Last Friday, European and US indices posted a noticeable rise whereas Russia’s equity keeps falling alongside oil prices.
In Europe, the British FTSE 100 grew 0.95 percent up to 6,742.84 points, the French CAC 40 hiked up by 2.21 percent reaching 4,419.48 points, and the German DAX advanced 2.39 percent finishing the trading session at 10,087.12 points.
In the USA, the Dow Jones Industrial Average gained 0.33 percent up to 17,985.79 points, the Standard & Poor's 500 grew 0.17 percent up to 2,075.37 points, and the NASDAQ Composite added 0.24 percent ending up at 4,780.76 points.
Last Thursday, ECB President Mario Draghi didn’t give any specific dates for the revised economic stimulus plan, which led to a drop in equity rates. However, on Friday, ECB sources reported that the Central Bank was ready to consider introducing quantitative easing already in January 2015.
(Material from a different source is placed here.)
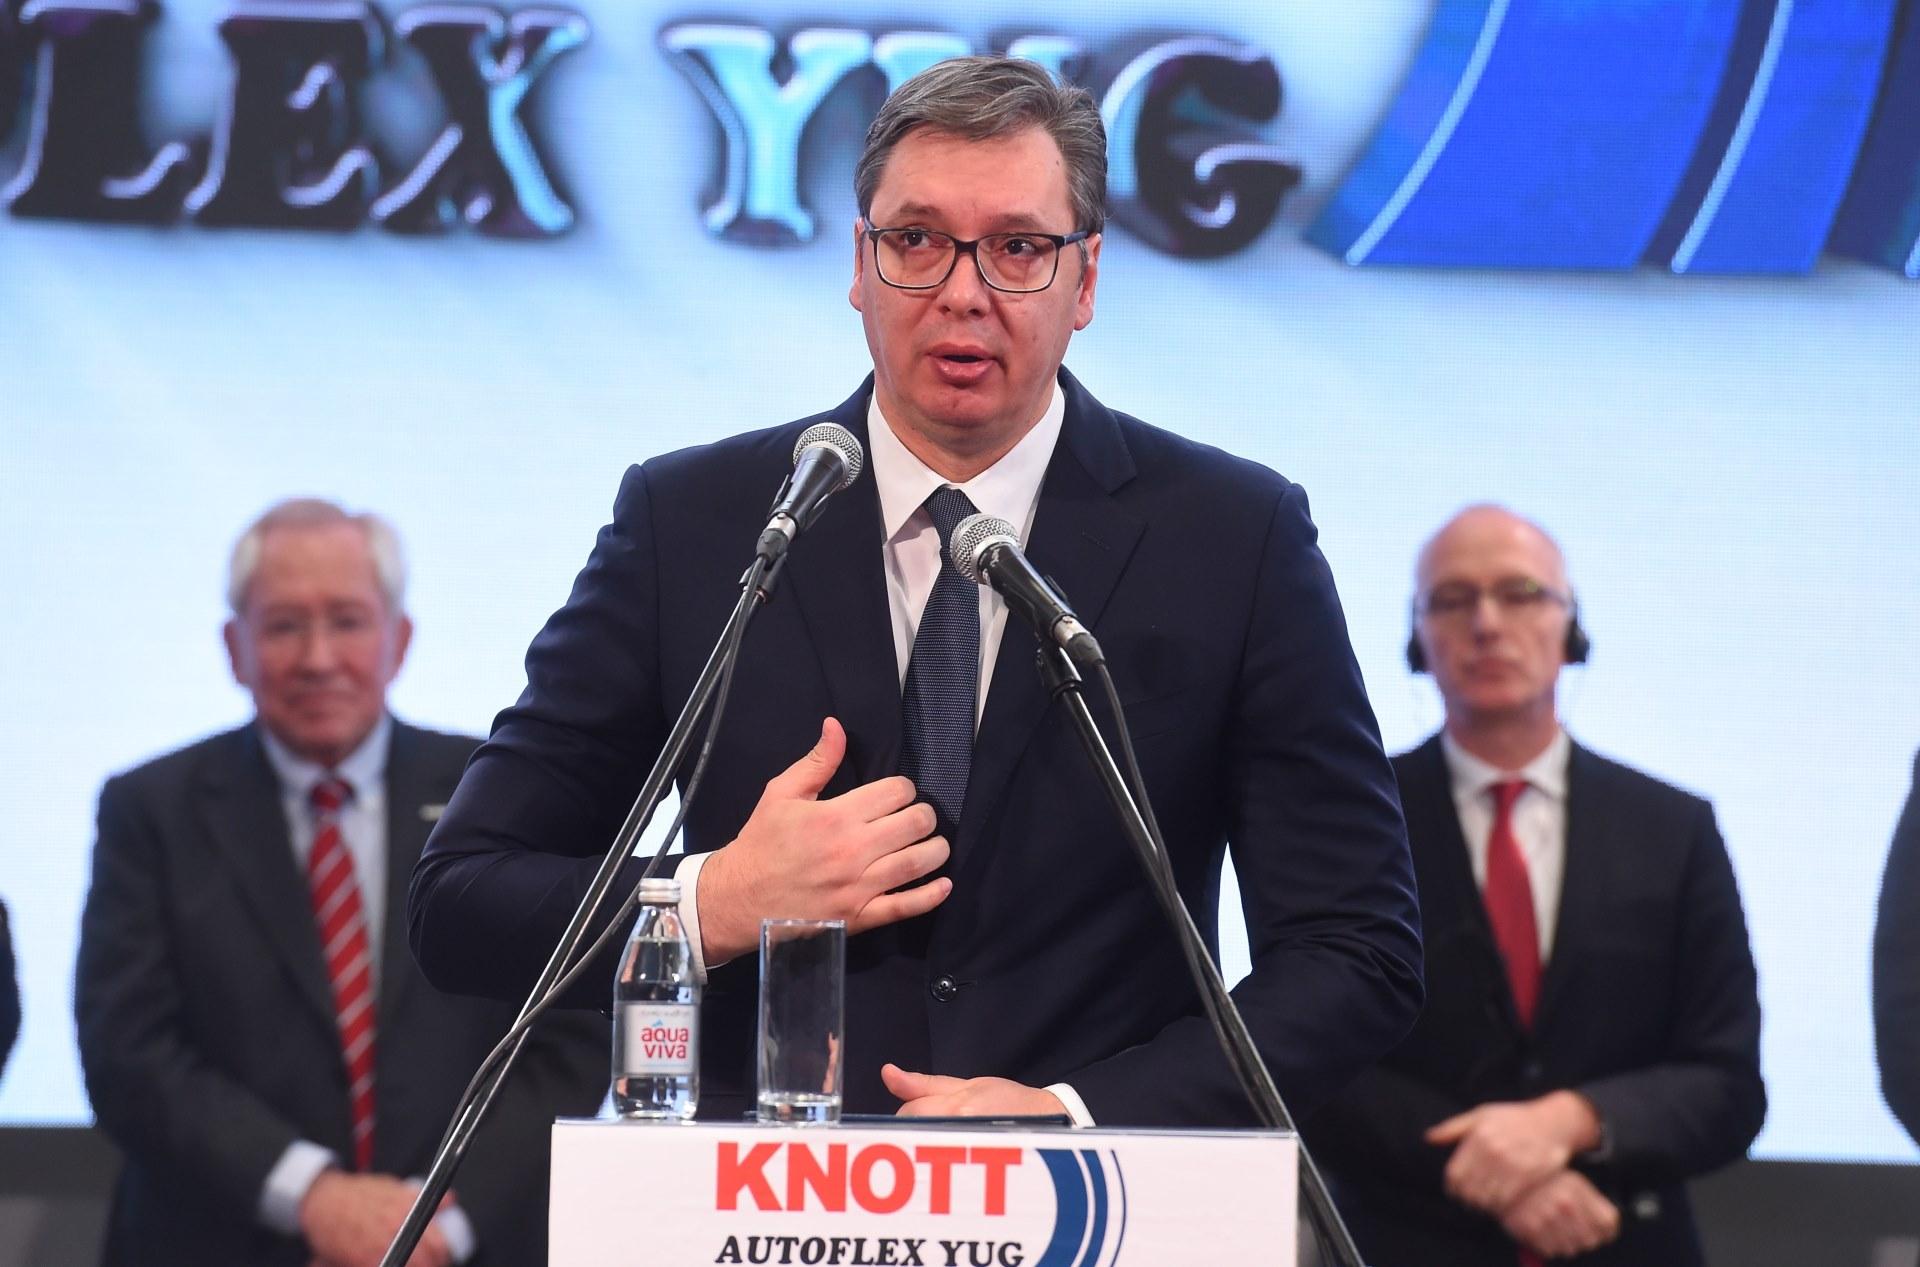 """Otvoren novi pogon kompanije """"Knott Autoflex Yug"""" u Bečeju"""

Besides this, investors reacted positively to the US non-farm job figures. In November, the number of jobs increased by 321,000, which is the highest since January 2012.
With that, the NYMEX price of WTI oil futures for January went down by $0.97 making $65.84 a barrel. On London’s ICE, January Brent oil futures dropped by $0.57 and finished trading at $69.07 a barrel.
Russian indices also slumped following oil prices. The MICEX index plunged by 3.34 percent down to 1,529.20 points, and the RTS index fell 1.08 percent down to 908.75 points.
On the Forex market, EUR/USD is going down to around 1.22, which is the bottom line of the weekly triangle the pair has been forming since 2008.